The initial crack in N6H1CD14 formed at the mid-span of the beam below the opening and extended towards the opening. As loading increased, shear cracks appeared on the right and left sides of the beam. Gradually, diagonal cracks formed along the axis of loading toward the support. Failure occurred as the crack on the right side of the beam widened (Fig. 5c).

The initial crack in N8H2L&RD14 formed at the mid-span of the beam. Gradually, vertical cracks formed under the opening on the right and extended into the opening. As the load increased, shear cracks formed on the right and left sides of the beam Ultimately, widening depth of the diagonal cracks on the right side of the sample caused failure of the beam (Fig. 5d).

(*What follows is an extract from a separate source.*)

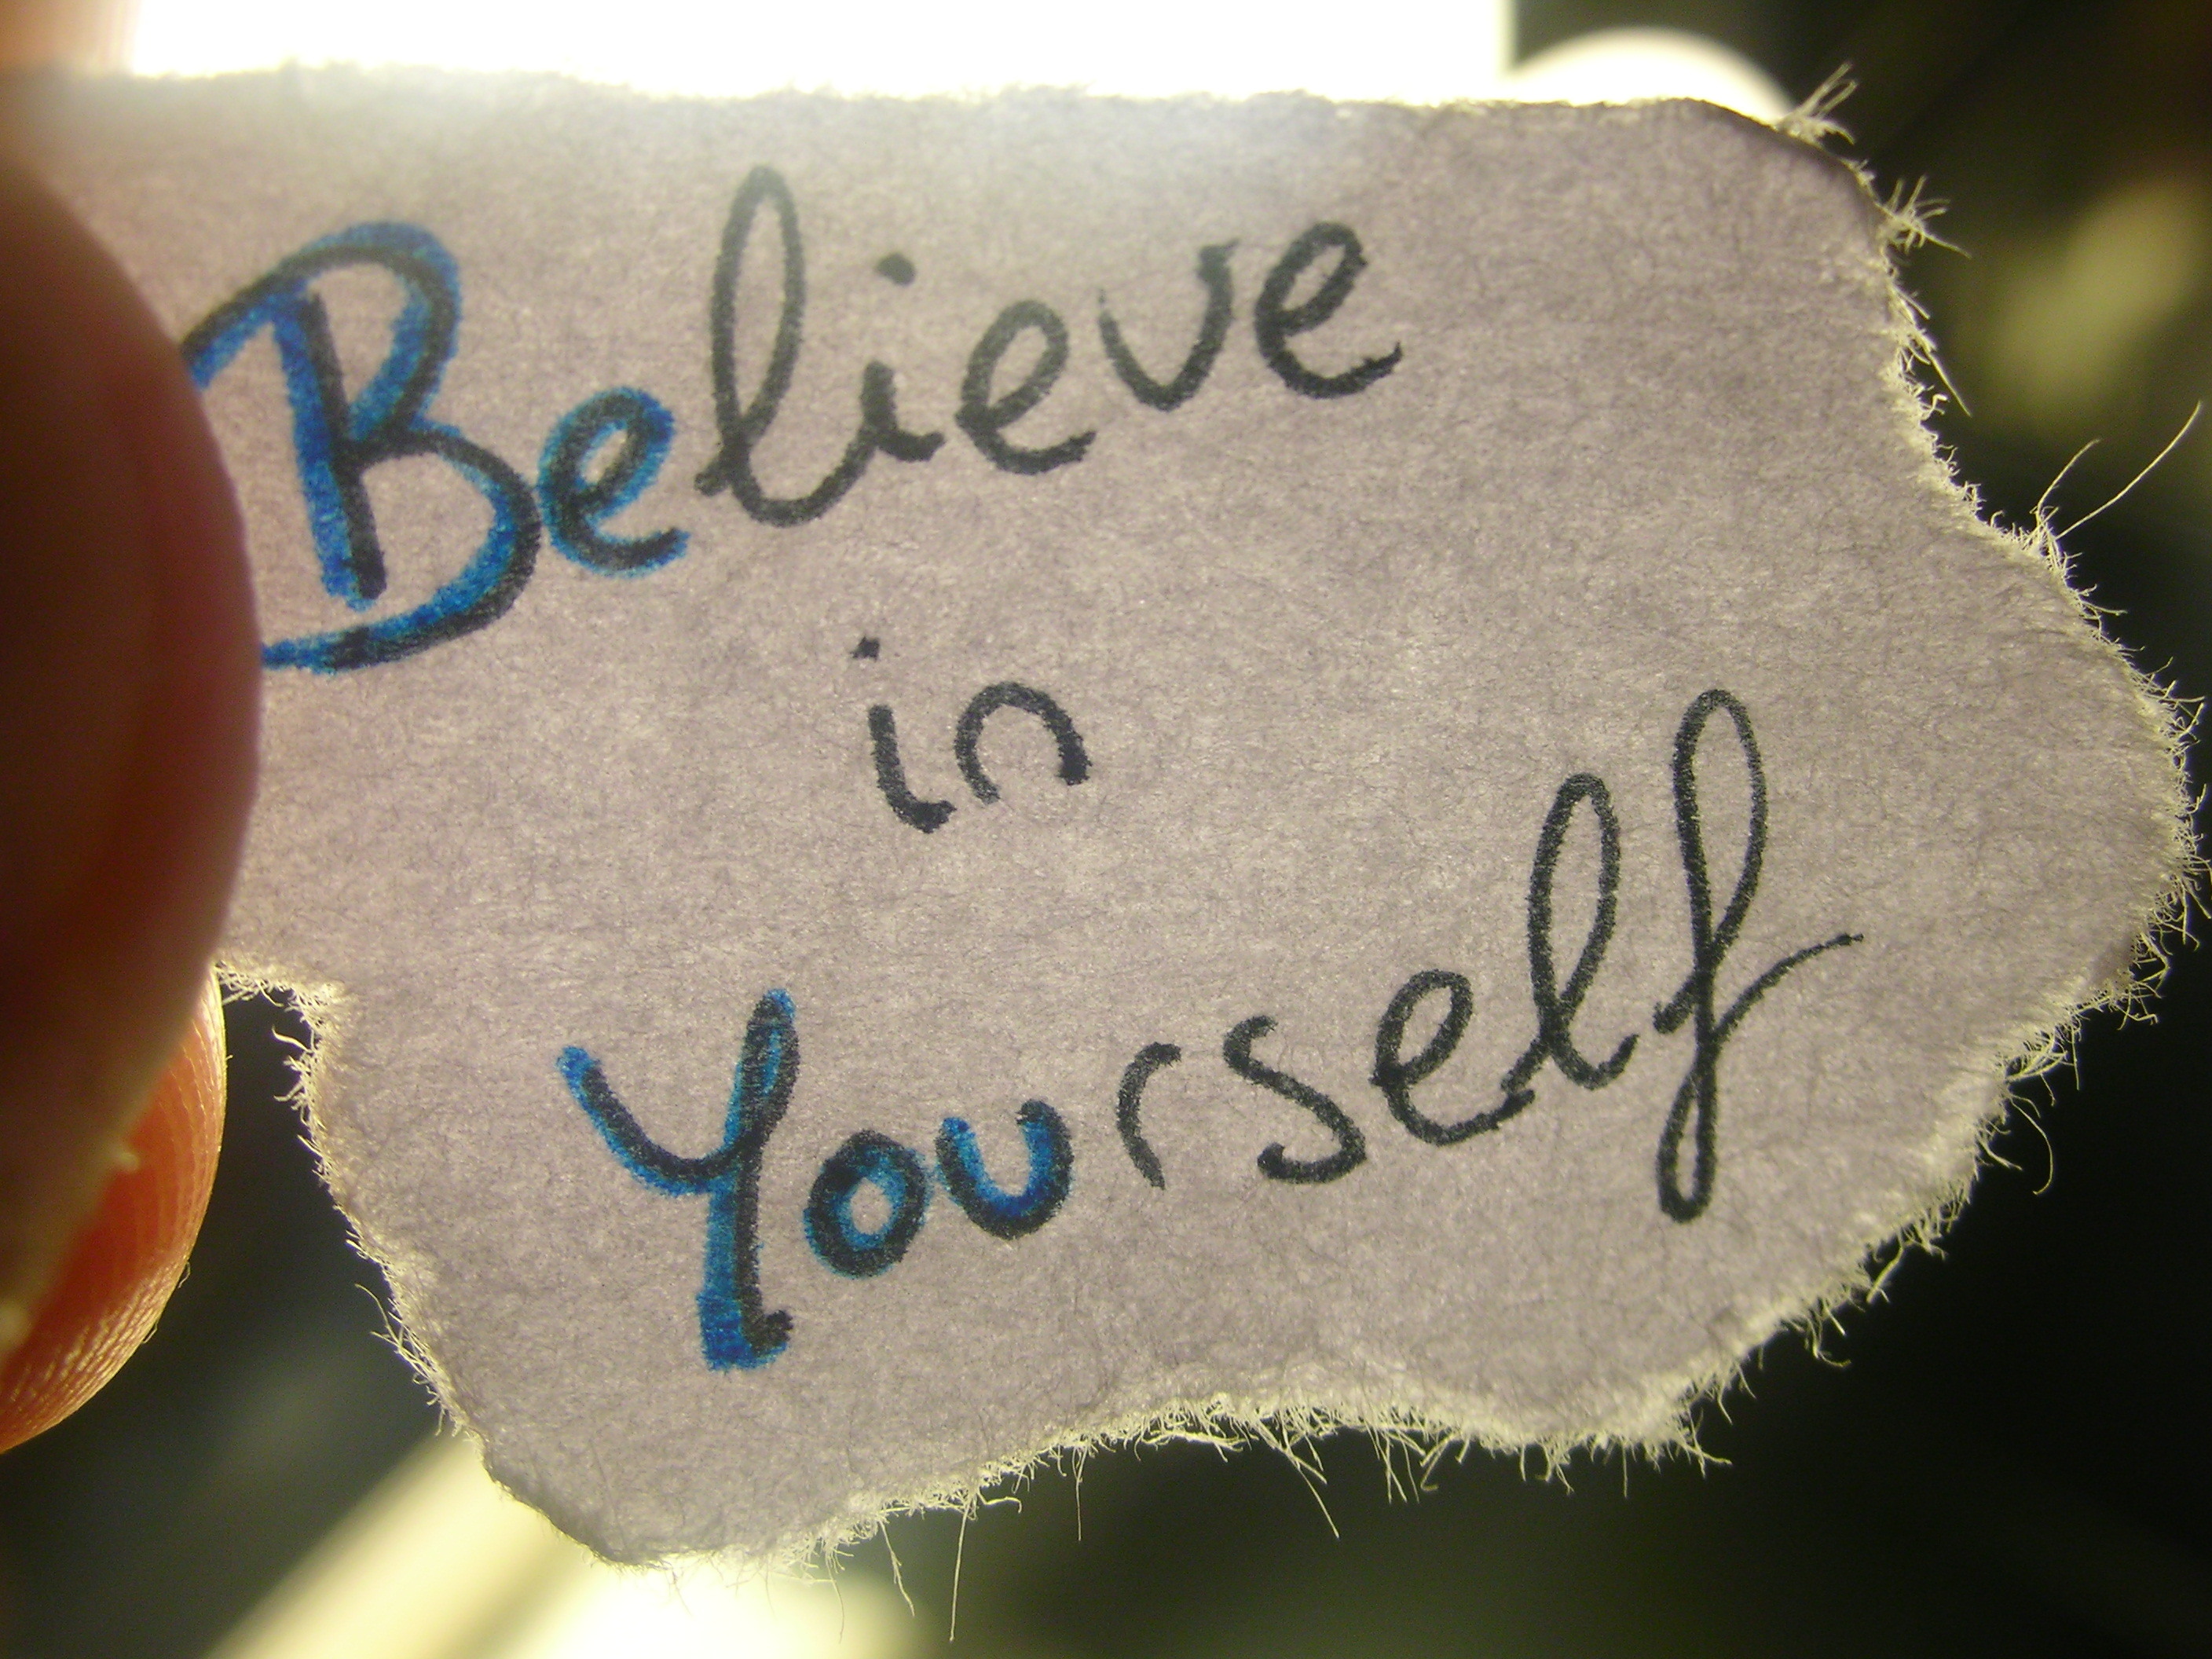 believe_in_yourself_20190223211042f94.jpg

The initial crack in N10H1LD24 formed after bending at the bottom of the beam and extended to half the height of the beam towards the opening. A shear crack gradually developed at the bottom of the opening and propagated into it. As the load increased, shear cracks formed on the right side of the beam. Ultimately, widening depth of the shear cracks on the right side caused failure of the beam (Fig. 5e).

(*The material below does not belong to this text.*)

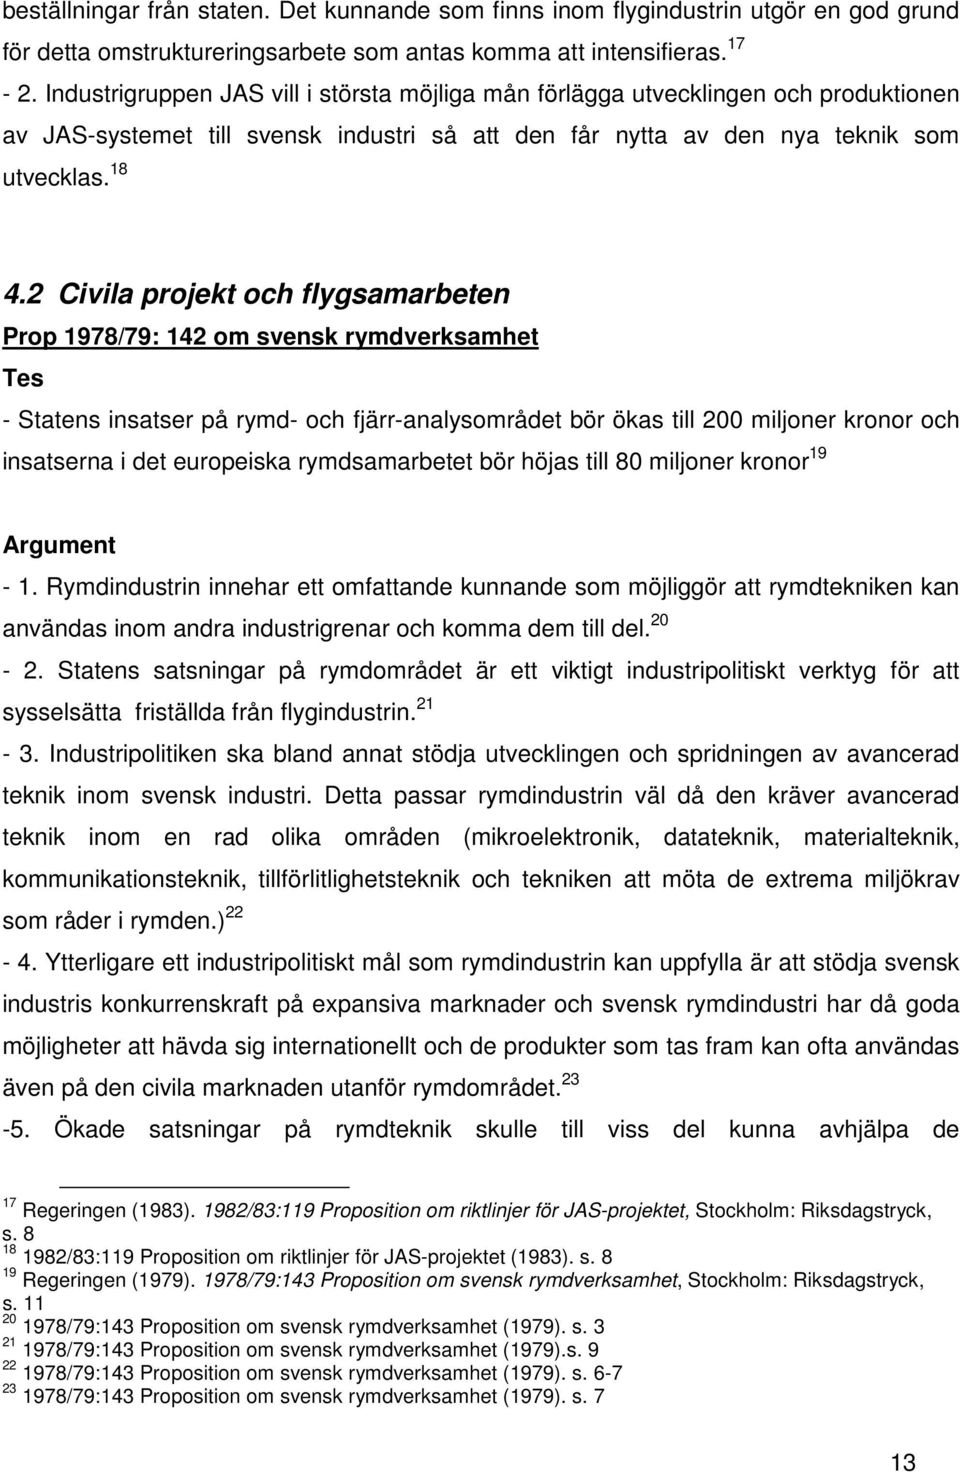 2 Civila projekt och flygsamarbeten Prop 1978/79: 142 om svensk rymdverksamhet Tes - Statens insatser på rymd- och fjärr-analysområdet bör ökas till 200 miljoner kronor och insatserna i det

The initial crack in N12H1CD24 formed in flexure at the bottom of the opening and propagated into the opening. As loading increased, bending cracks formed on the sides of the opening and propagated towards it. Gradually, diagonal cracks formed on the right and left sides of the beam. Before failure, some of the concrete spalled on the right and left sides of the beam and the specimen failed after widening depth of the shear crack on the right side (Fig. 5f).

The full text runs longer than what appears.